Warren has tapped Michael Armstrong, the former Queens County District Attorney and a chief counsel to the Knapp Commission, which investigated police corruption in the city in 1970.

Davis is relying on Abramowitz, a name partner at Morvillo Abramowitz Grand Iason & Anello. A former chief of the criminal division in the Manhattan U.S. attorney’s office and onetime New York City assistant deputy mayor, Abramowitz has represented many high-profile clients, including filmmaker Woody Allen in his bitter custody battle with actress Mia Farrow.

Sanders, meanwhile, has retained Edward Little, the chair of Hughes Hubbard & Reed’s white-collar group. Little’s recent clients have included Bear Stearns fund manager Ralph Cioffi, for whom he won an acquittal at trial in 2008, and Julien Grout, a trader targeted last year in connection with an investigation by U.K. and U.S. authorities into the so-called London Whale trading debacle.

In setting the first hearing date in the case for April 21, Stolz predicted that it would not be dispensed with quickly. “This case is going, I suspect, to take a long time,” he said.

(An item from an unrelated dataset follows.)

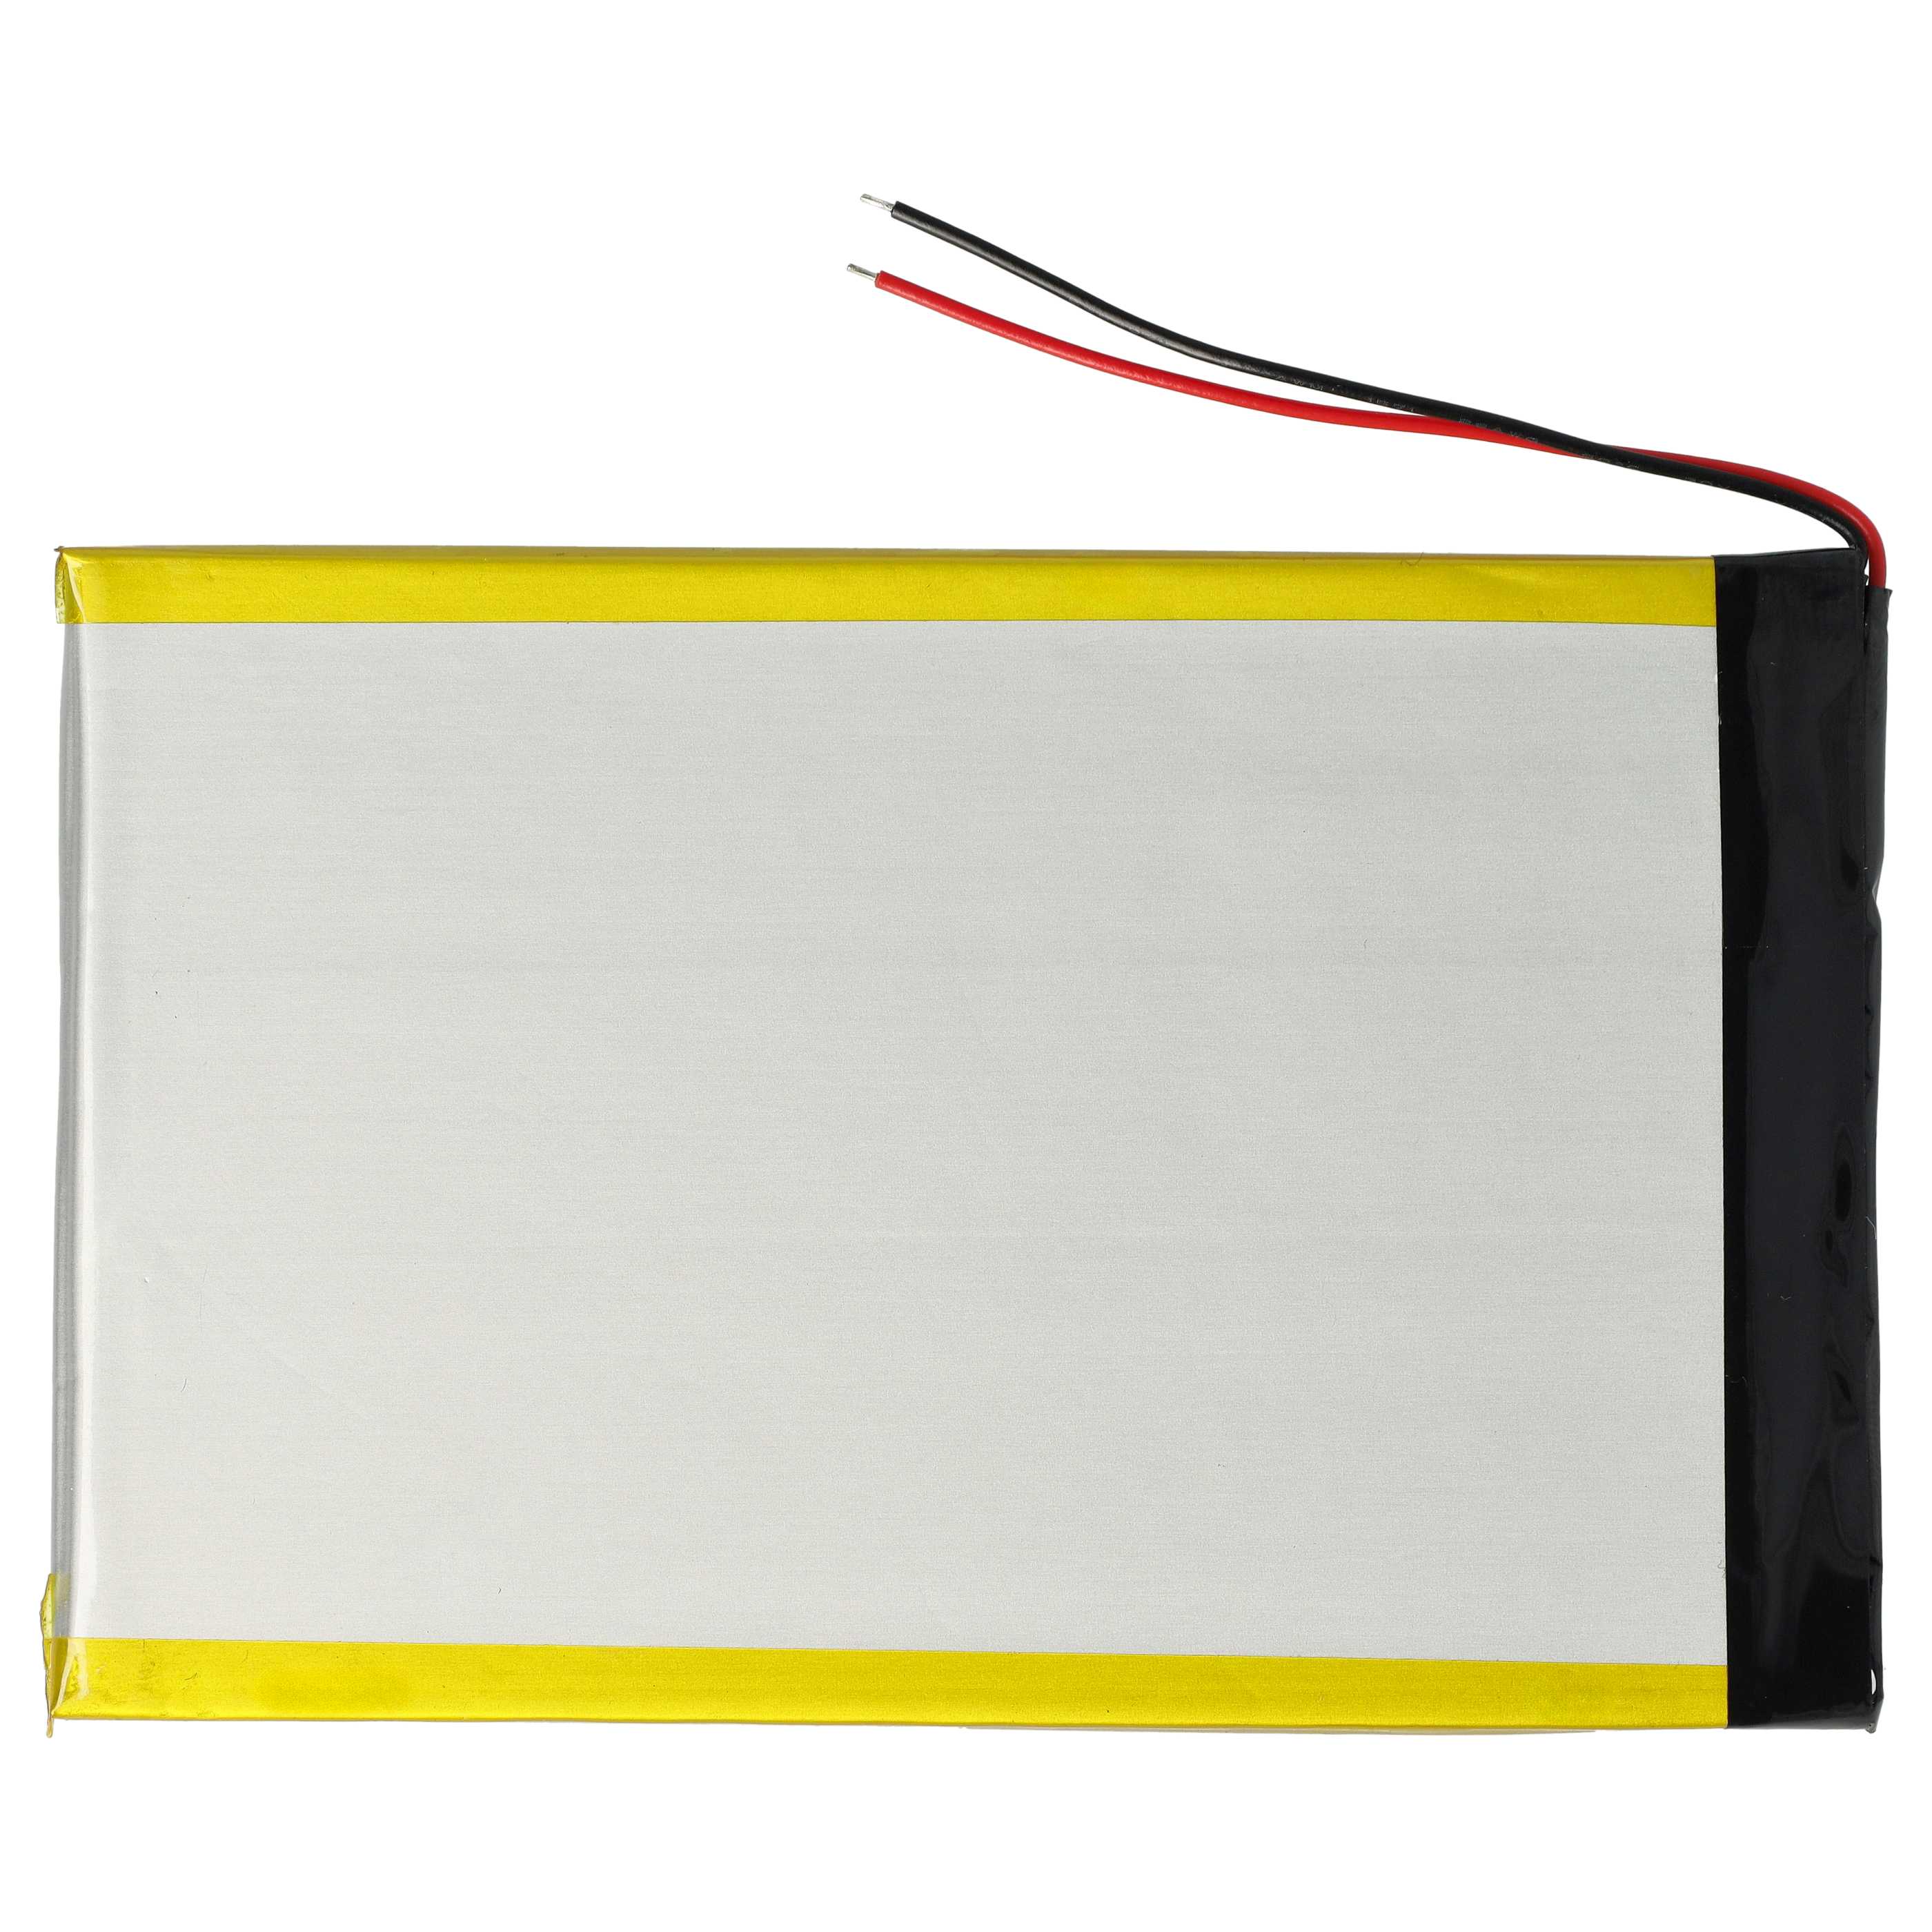 Batteria per tablet sostituisce PT3867103 RCA - 3000mAh 3,7V Li-Poly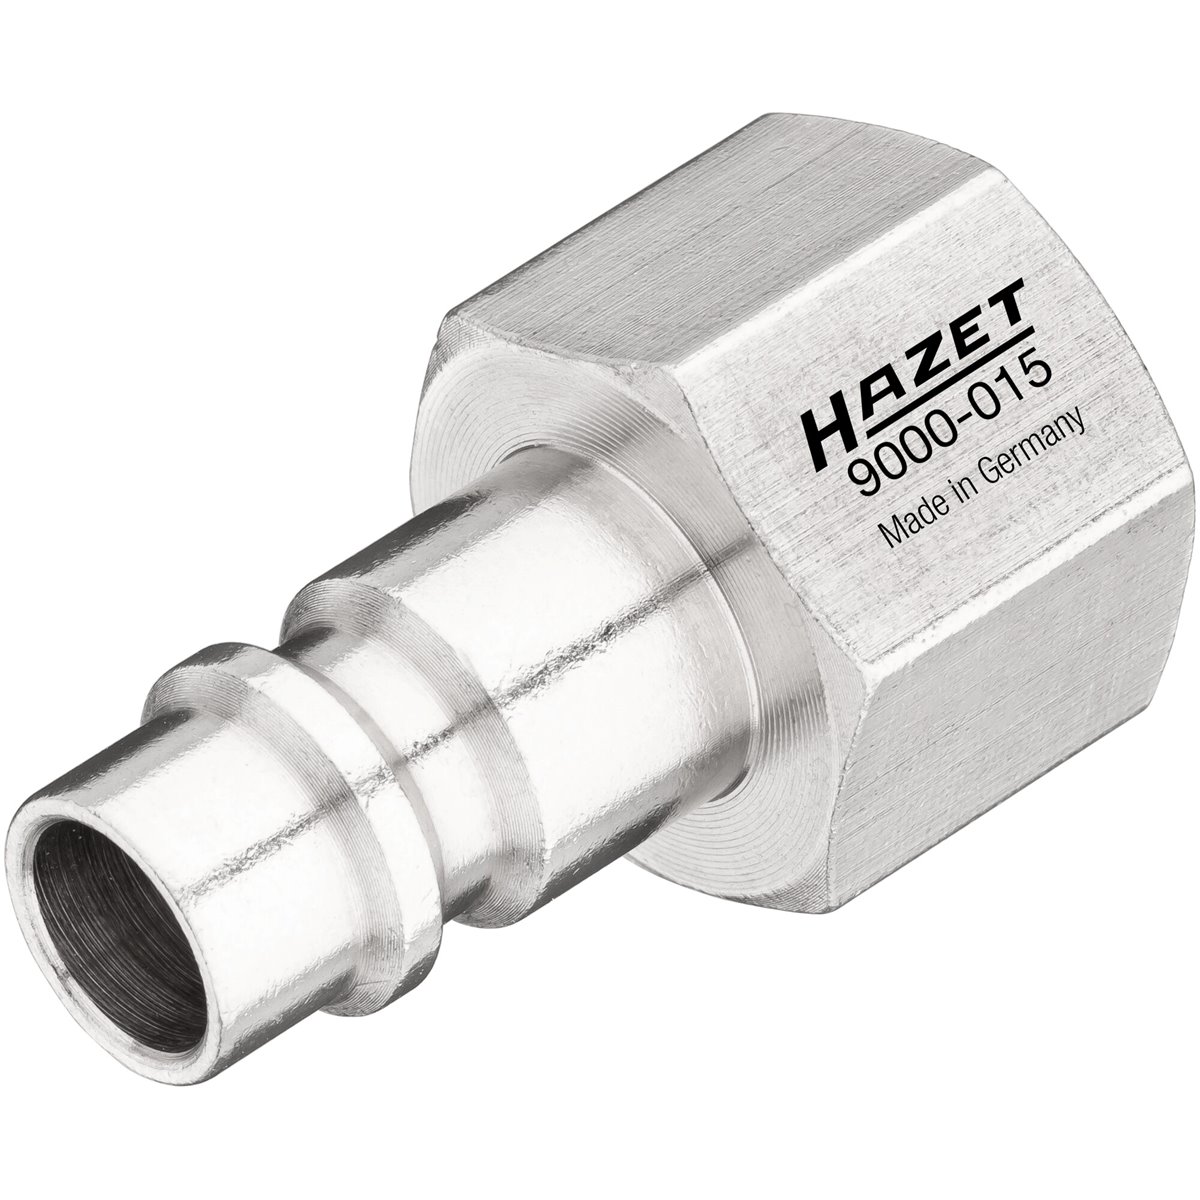 Hazet 9000-015 Luftanschluss-Nippel (bspw. zum Anschluss von Schlauchaufrollern)

As the proceedings came to a close, each of the defendants raised his hands to be freed from metal handcuffs before relaxing back into a wooden chair. Soon, the mood in the courtroom lightened as the four men began to circulate while waiting for court employees to process their bail papers.

DiCarmine approached Davis’ ex-wife, Loretta Davis, and gave her a hug, then stopped to embrace his former lawyer, Hughes Hubbard & Reed partner Ned Bassen, and chatted with Sanders’ wife and daughter. Asked while snacking on an organic energy bar if he had indeed moved to Florida from New York as the judge indicated, DiCarmine did not answer the question directly but, pointing to his browned face, said, “I’m more tan than when I was living here.” (Sanders and his family also appeared well-tanned.)

Warren, separated from the rest, hugged his mother before sitting next to both of his parents, his father’s hand firmly on his shoulder.

Davis, who had spoken feebly while answering Stolz’s questions, began to relax and even cracked a smile as the paperwork phase dragged on. As pale as DiCarmine is tan, Davis appeared unwilling to answer a reporter’s questions, but did oblige a request to see the book tucked under his arm: “The Marriage Plot” by Jeffrey Eugenides.

Before leaving the courtroom, DiCarmine wandered up to a reporter with a question straddling the line between concern and desire. Would there be video cameras waiting to film him when he left?

The answer, as he soon learned for himself, was yes.

New York Law Journal reporter Christine Simmons contributed to this report.